- Work task -
In the entries that follow, find the line containing "CommScope FJ-2SM-015-7.5M Ruggedized" and the line containing "Tommy Hilfiger Women's", then copy exactly everything from the first through the second except the pictures.

- Data for review -

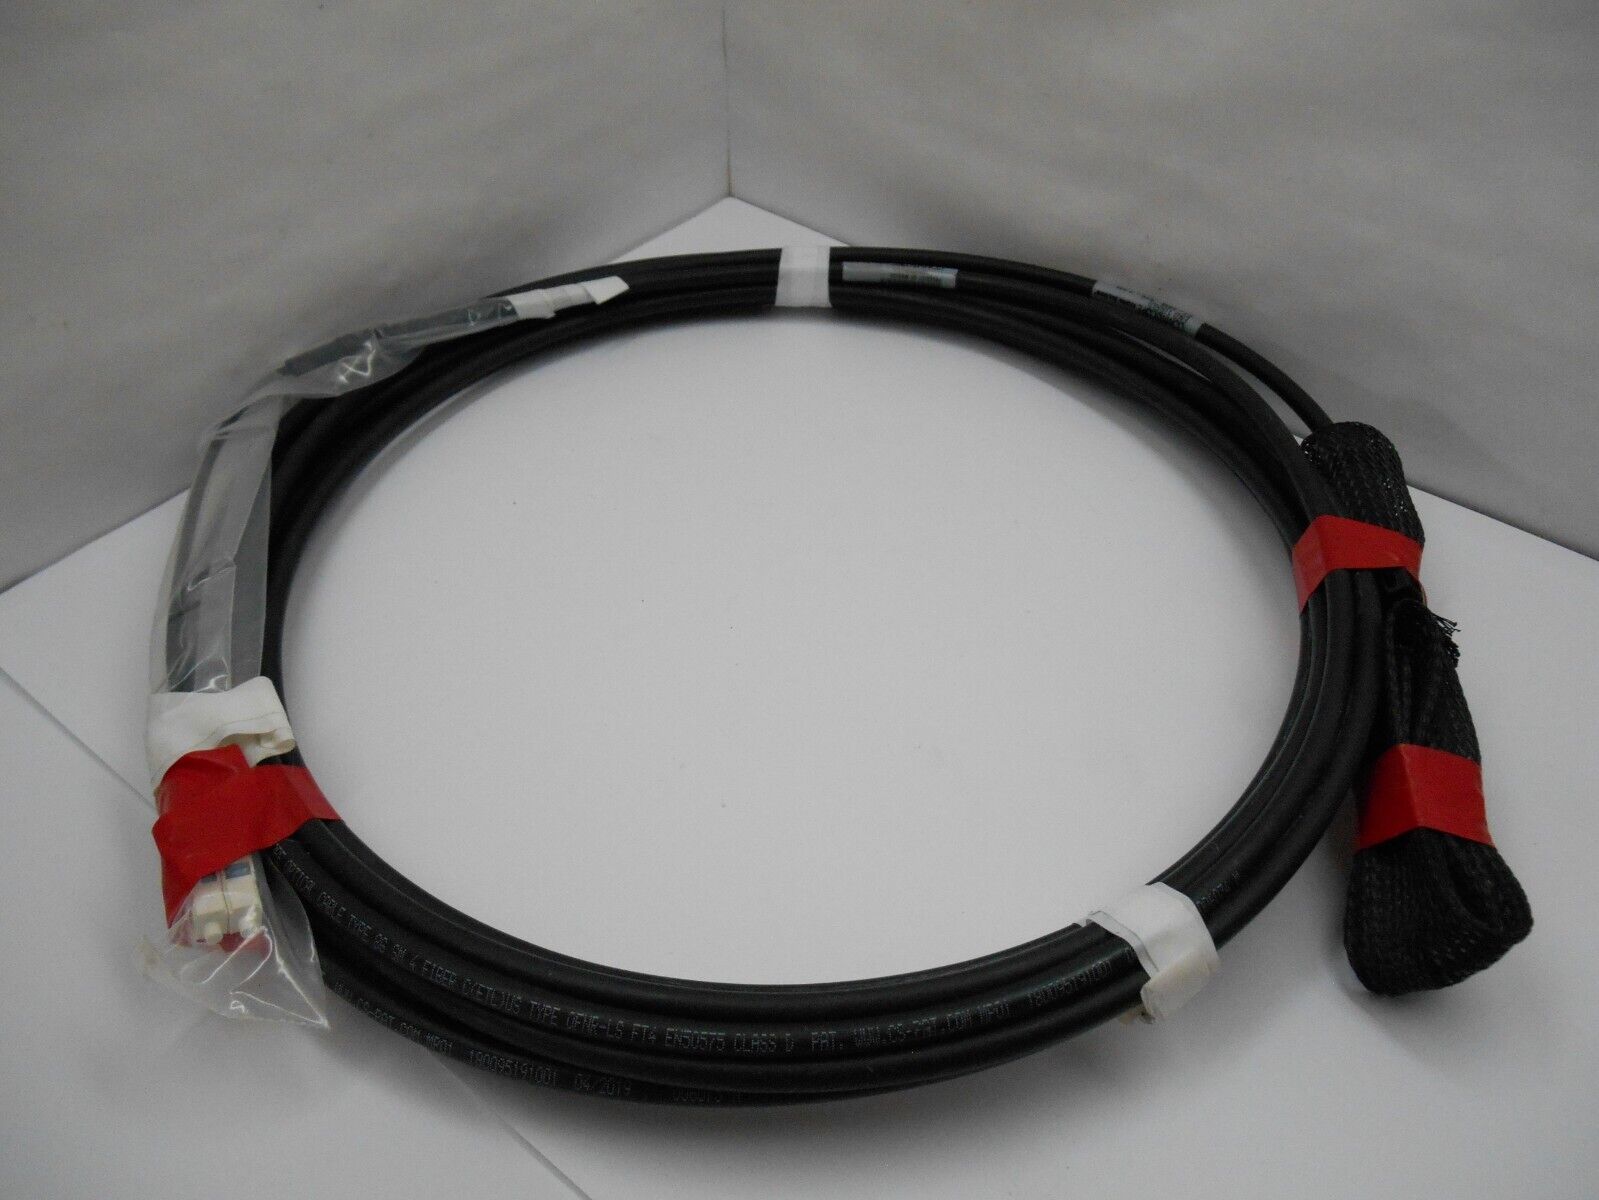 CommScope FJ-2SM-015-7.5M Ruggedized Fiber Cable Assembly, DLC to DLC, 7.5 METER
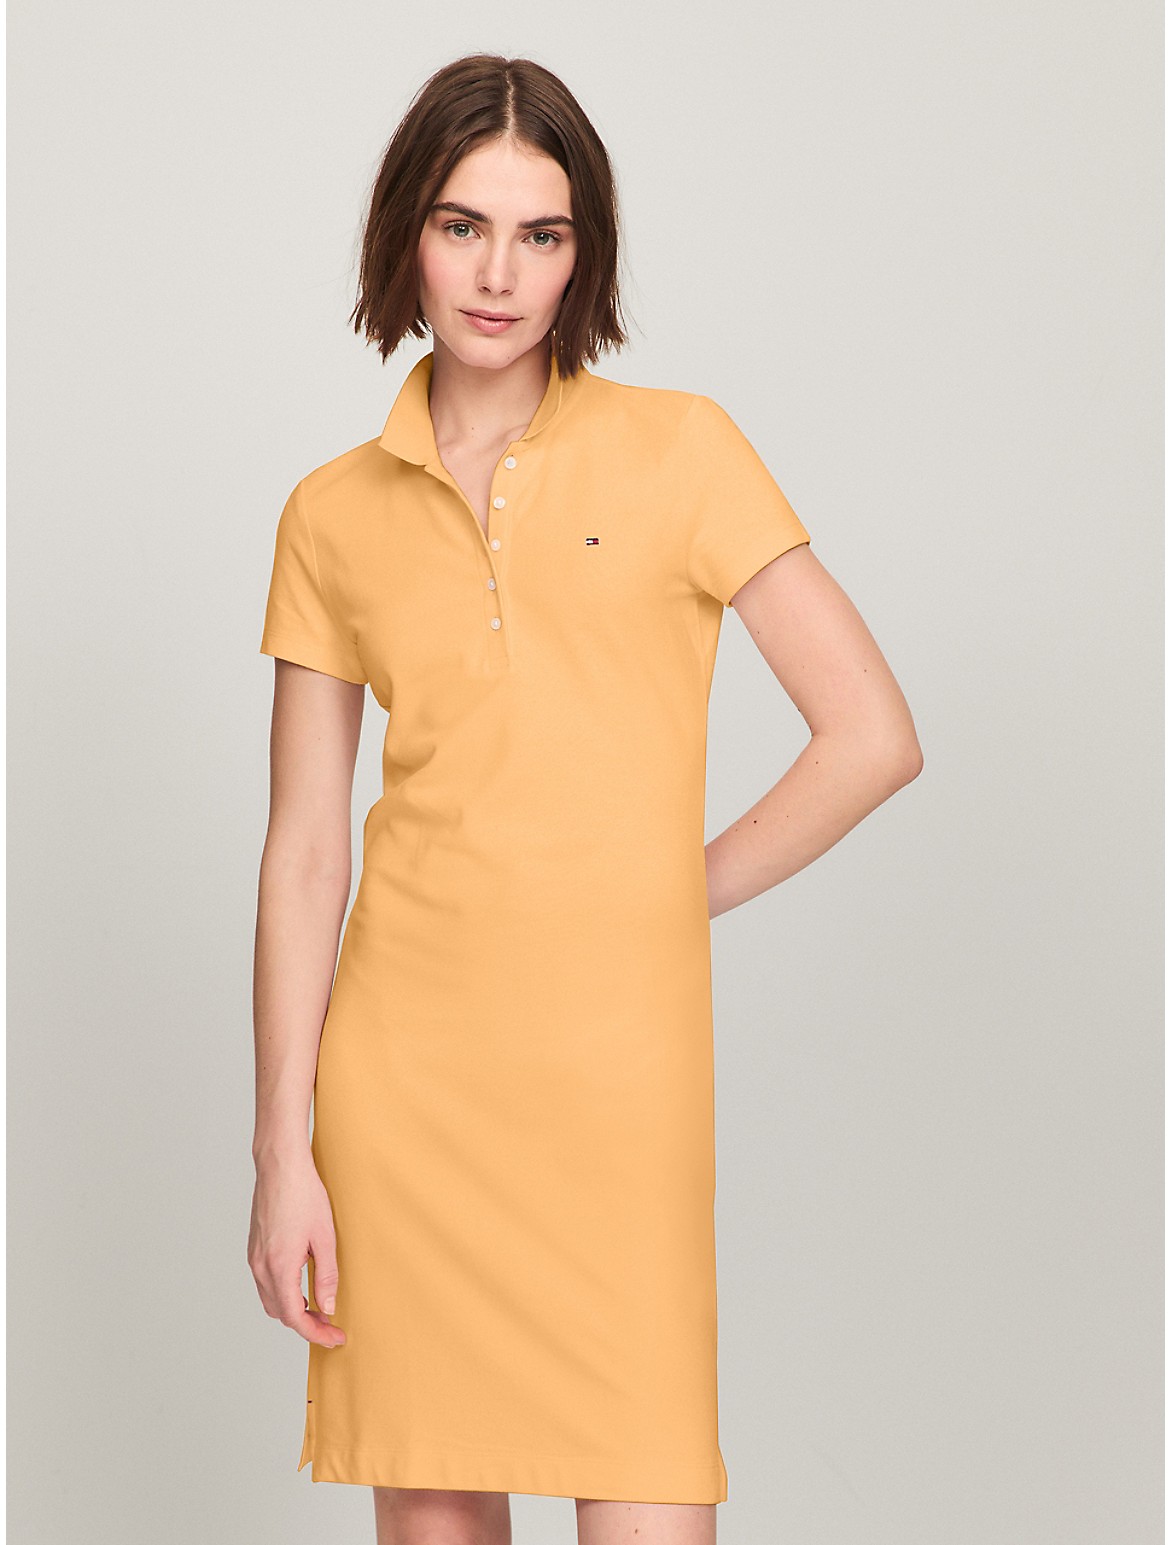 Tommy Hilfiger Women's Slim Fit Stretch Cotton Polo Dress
...
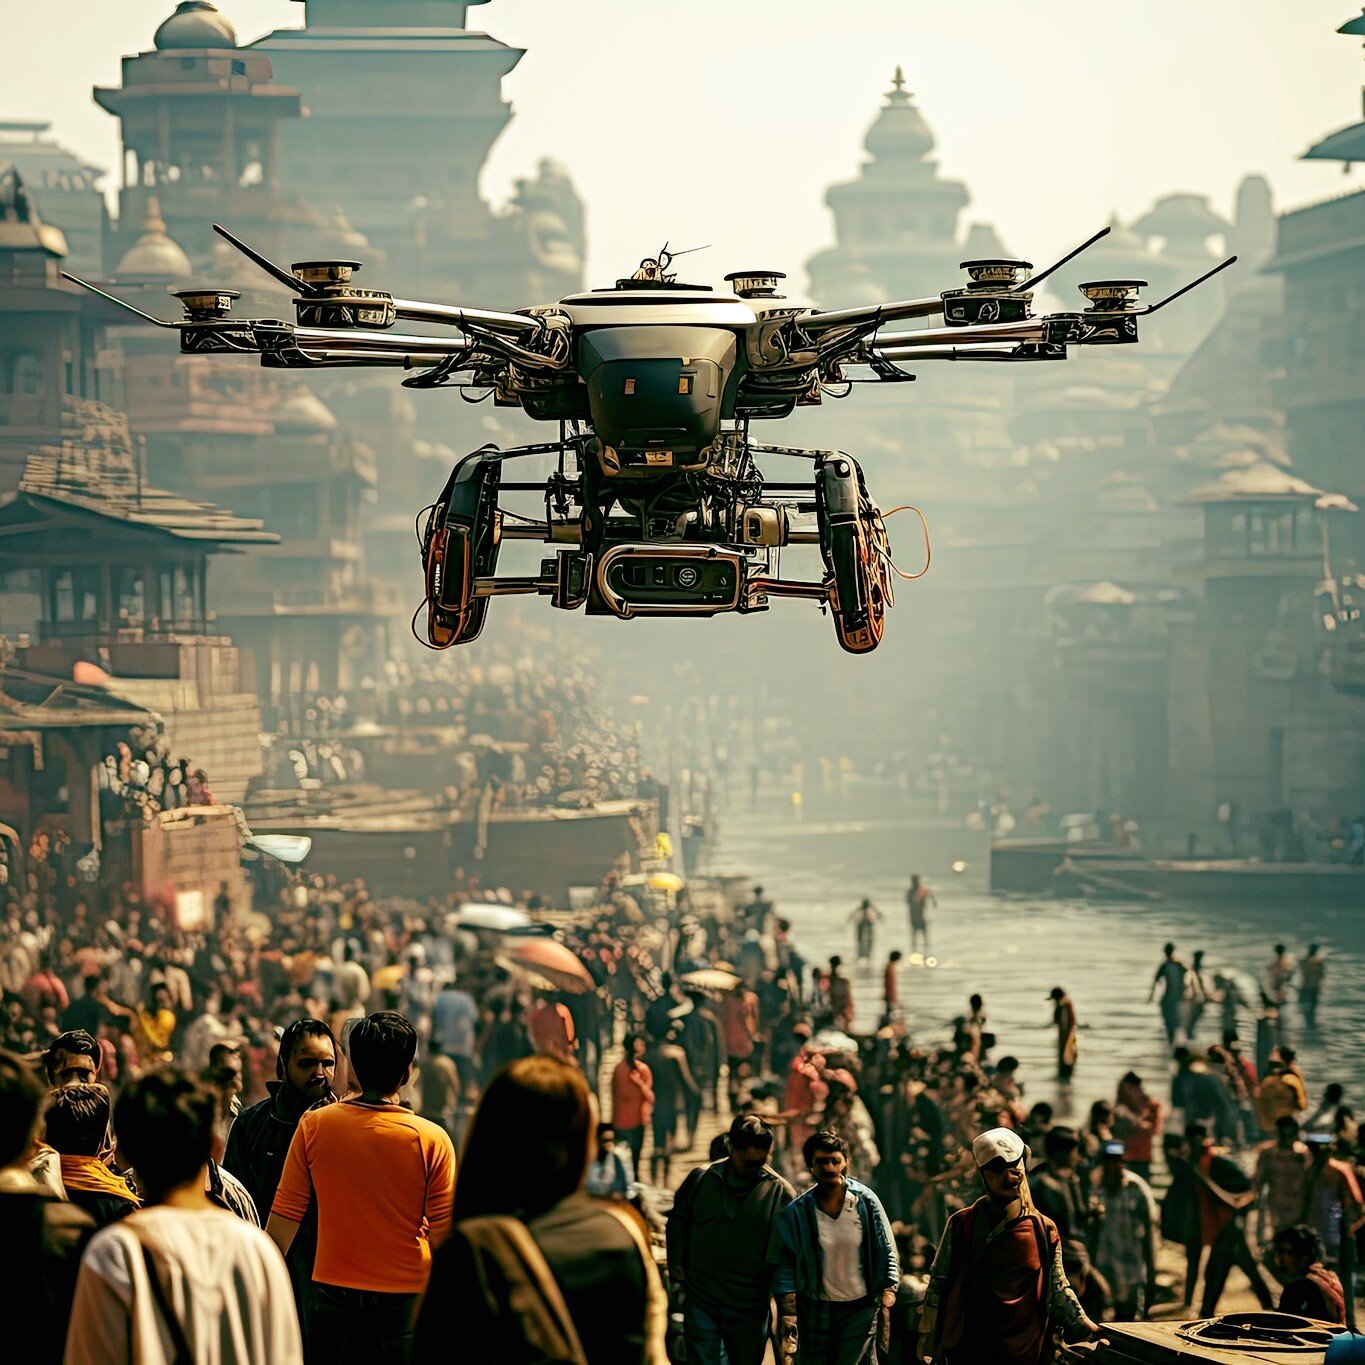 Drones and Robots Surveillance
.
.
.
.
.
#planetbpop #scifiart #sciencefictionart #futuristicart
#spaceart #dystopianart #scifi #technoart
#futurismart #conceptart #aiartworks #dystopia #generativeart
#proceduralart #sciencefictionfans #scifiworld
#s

- Solution to this task -
 CommScope FJ-2SM-015-7.5M Ruggedized Fiber Cable Assembly, DLC to DLC, 7.5 METER
 Tommy Hilfiger Women's Slim Fit Stretch Cotton Polo Dress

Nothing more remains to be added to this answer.